I put 3 snapped cooked asparagus spears lengthwise along the crepe and then crumbled some goat cheese – I used Bucheron – over the top, while the crepe was still very hot. Then rolled the crepe into a long cylinder so that the gooey goat cheese melted over the asparagus. To serve, I ground some fresh black pepper over the top and served immediately.
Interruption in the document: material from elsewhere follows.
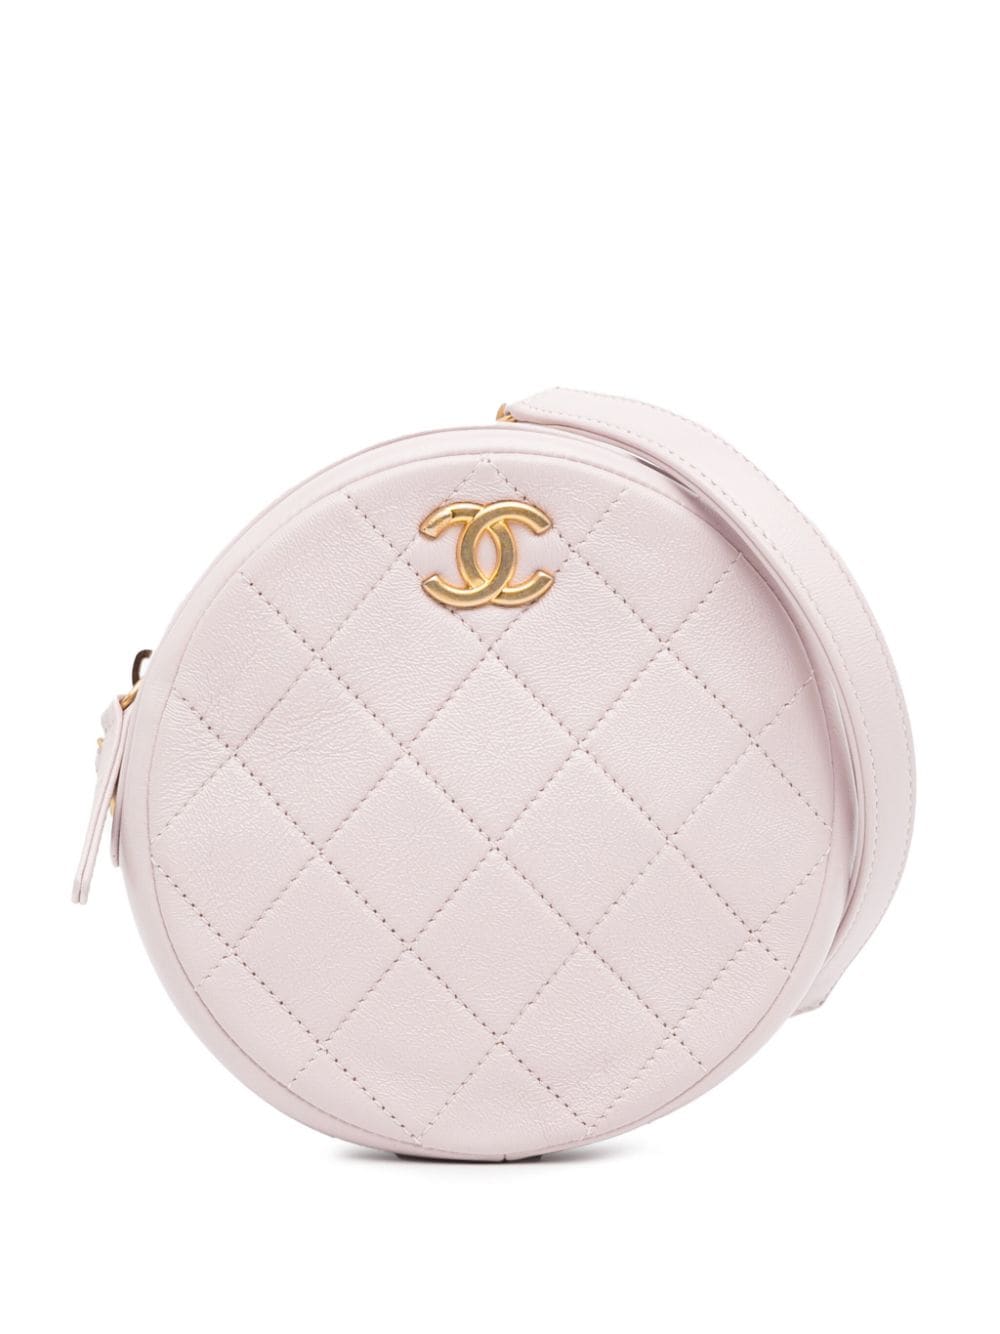 CHANEL Pre-Owned 2020 runde Clutch mit Kette - Rosa von CHANEL Pre-Owned

Notes: I do not usually buy into something that I can only use for one thing but when I first bought my crepe pan that is what I thought I was doing. It was only after I began cooking with it did I find it so useful with other things. As the sides of crepe pans are so low, using one makes it so much easy to flip thin or potential melting things, such as the goat cheese in my Warm Goat Cheese Salad with Pickled Peppers. The pans are also on sale at the moment at Sur La Table, so now is a perfect time to pick one up. I have the largest sized, the 9.5 inch pan.
I find the crepes come out more perfect looking if I pour the batter into the pan in one or two additions rather than several. I do this by using measured ladles, this way I know exactly how much I am pouring in the pan at one time. I have them in a couple of sizes, 2 fluid ounces and 4 fluid ounces. I usually use my 2 fl oz for crepes and just pour one and a half filled ladles into the pan.
7 fluid oz whole milk
3 fluid oz water
1 cup plain flour (4 oz)
Pinch table salt
2 large eggs
2 tbsp melted unsalted butter, plus more for greasing the pan
1. Combine milk and water. Sift flour and salt into a large mixing bowl. Make a well in the center of the flour. Break eggs into well and whisk to mix. Begin adding milk mixture in small amounts, whisking to combine. At the end the batter should have the consistency of cream. Add melted butter and stir to combine.
2. Place crepe pan over high heat. Turn heat down to medium and grease pan with a little butter on a paper towel. Add 3-4 fluid oz of batter and turn pan to coat bottom of pan. Allow to cook for 2 minutes and then loosen the edge with a spatula and flip. Allow to cook for 1 minute.
3. Remove crepe from pan and add fillings or toppings.